The former is easy, as we can just add the length of the sequence to the index we're attempting to access, and proceed with bounds-checking as usual. Since the behavior of slices of sequences is somewhat subtle, we implement it in a separate method for clarity:
def __getitem__(self, index):
"""Return the element at position ``index`` in the sequence
this xrange represents, or raise :class:`IndexError` if the
position is out of range."""
if isinstance(index, slice):
return self.__getitem_slice(index)
if index < 0:
# negative indexes access from the end
index = self._len + index
if index < 0 or index >= self._len:
raise IndexError('xrange object index out of range')
return self._start + index * self._step
def __getitem_slice(self, slce):
"""Return an xrange which represents the requested slce
of the sequence represented by this xrange.
"""
start, stop, step = slce.start, slce.stop, slce.step
if step == 0:
raise ValueError('slice step cannot be 0')
start = start or self._start
stop = stop or self._stop
if start < 0:
start = max(0, start + self._len)
if stop < 0:
stop = max(start, stop + self._len)
if step is None or step > 0:
return xrange(start, stop, step or 1)
else:
rv = reversed(self)
rv._step = step
return rv
Finally, we come to iteration, which is (I suspect) what most people use xrange
objects for. Remember that xrange
objects act like any other sequence -- you can have multiple, independent iterators iterating the same underlying sequence, so we have to implement a separate object for the iterator. The implementation of the iterator is about as simple as you might expect: it tracks the last value it returned, and adds the _step
value to that value, then returns it for each element it iterates:
class xrangeiterator(Iterator):
"""An iterator for an :class:`xrange`.
"""
def __init__(self, xrangeobj):
self._xrange = xrangeobj
# Intialize the "last outputted value" to the value
# just before the first value; this simplifies next()
self._last = self._xrange._start - self._xrange._step
self._count = 0
def __iter__(self):
"""An iterator is already an iterator, so return ``self``.
"""
return self
def next(self):
"""Return the next element in the sequence represented
by the xrange we are iterating, or raise StopIteration
if we have passed the end of the sequence."""
self._last += self._xrange._step
self._count += 1
if self._count > self._xrange._len:
raise StopIteration()
return self._last
Put it all together
I've published the code for the xrange
object, along with a comprehensive test suite, to my GitHub.
Closing Thoughts
Python already has xrange
(or, in Python 3, range
), as a built-in, implemented efficiently in C, so re-implementing it in Python is largely a learning exercise, rather than code which you should actually use.

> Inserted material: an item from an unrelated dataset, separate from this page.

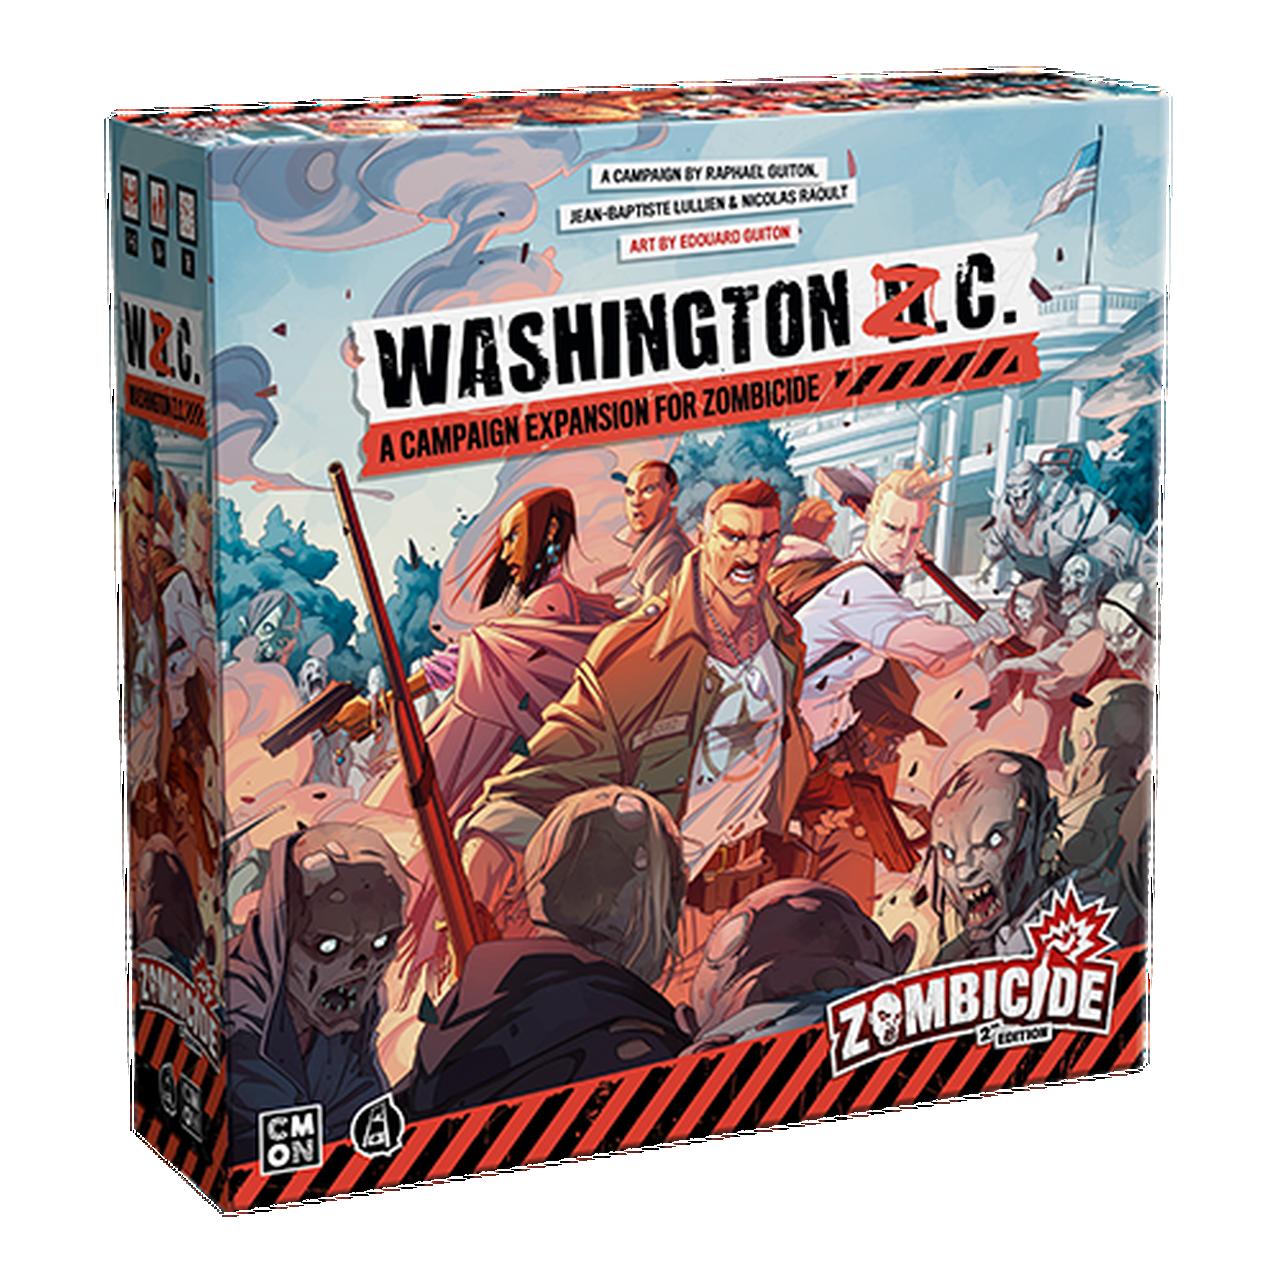 ZCD002 Zombicide Washington ZC Expansion
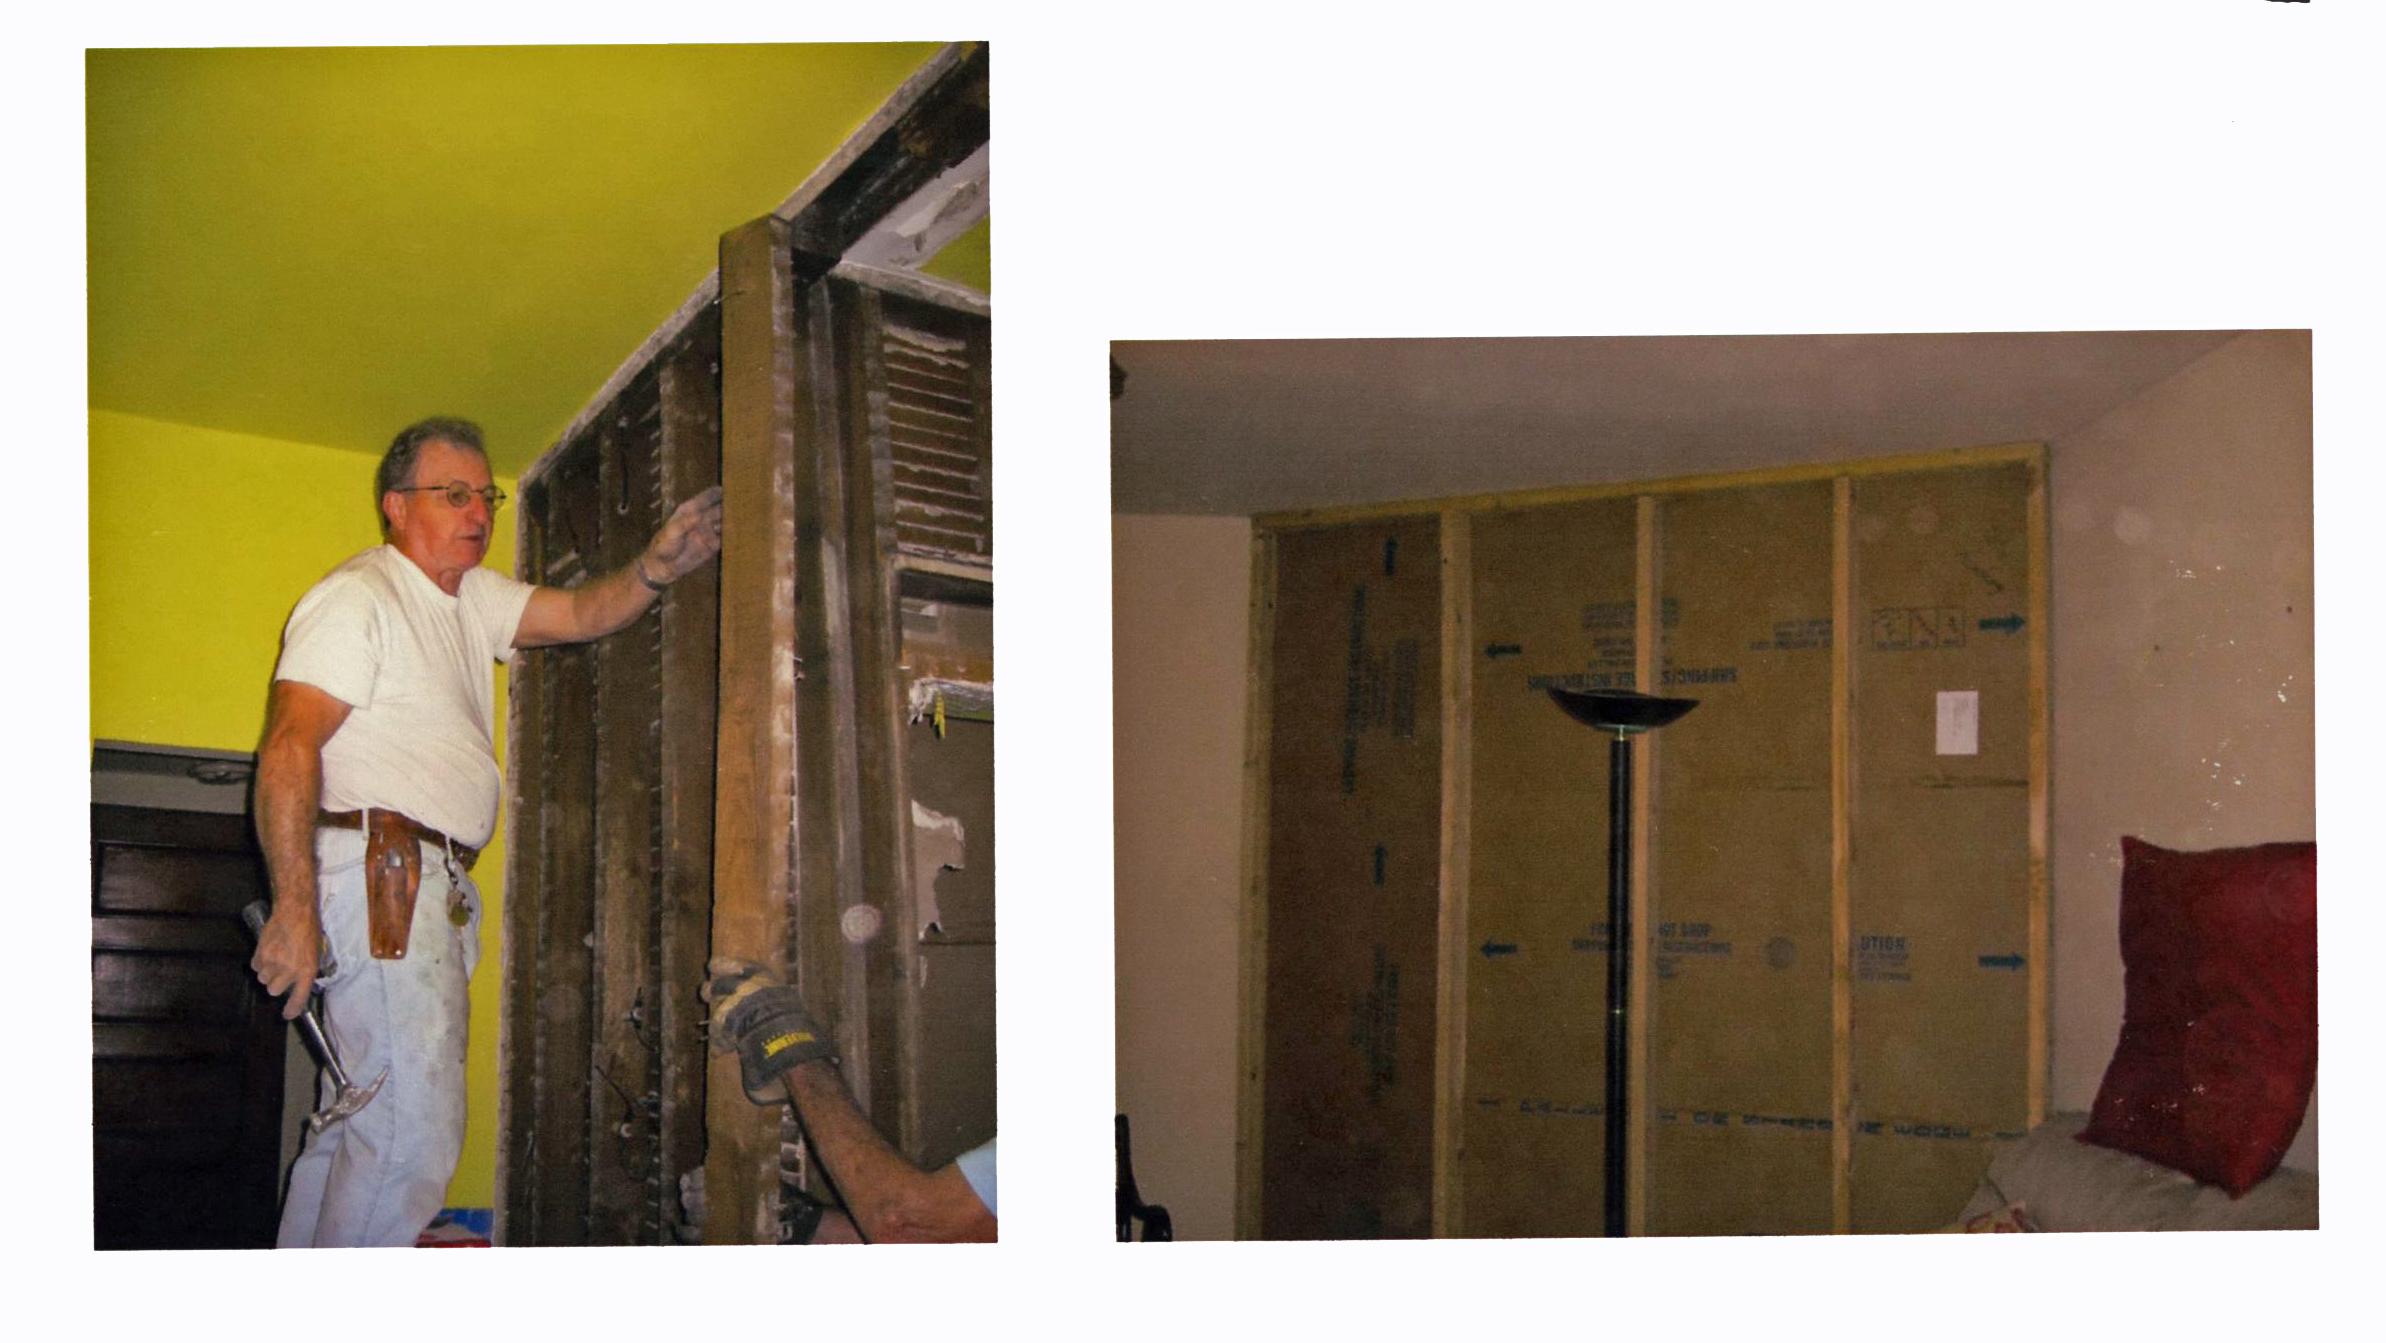 kitchen remodel pix 3 pittsburgh remodeling bathrooms

However, this implementation is superior to CPython's implementation in two ways:
-
I have backported support for slicing,
index
, andcount
from Python 3 to Python 2-compatible code; if these features are important and you need to support multiple versions of Python, this may be of use to you. -
CPython 2.x's implementation of
xrange
does not implement__contains__
, so the expression1000 in xrange(1001)
actually has to scan all 1000 elements in thexrange
before it can determine if 1000 is a member of the sequence. This was corrected in CPython 3, but very long lists in CPython 2.x will have__contains__
performance characteristics more similar tolist
s than to 2.7xrange
s. This implementation uses a constant-time algorithm to compute membership, so it may actually be faster than the CPython 2.x implementation for very large sequences.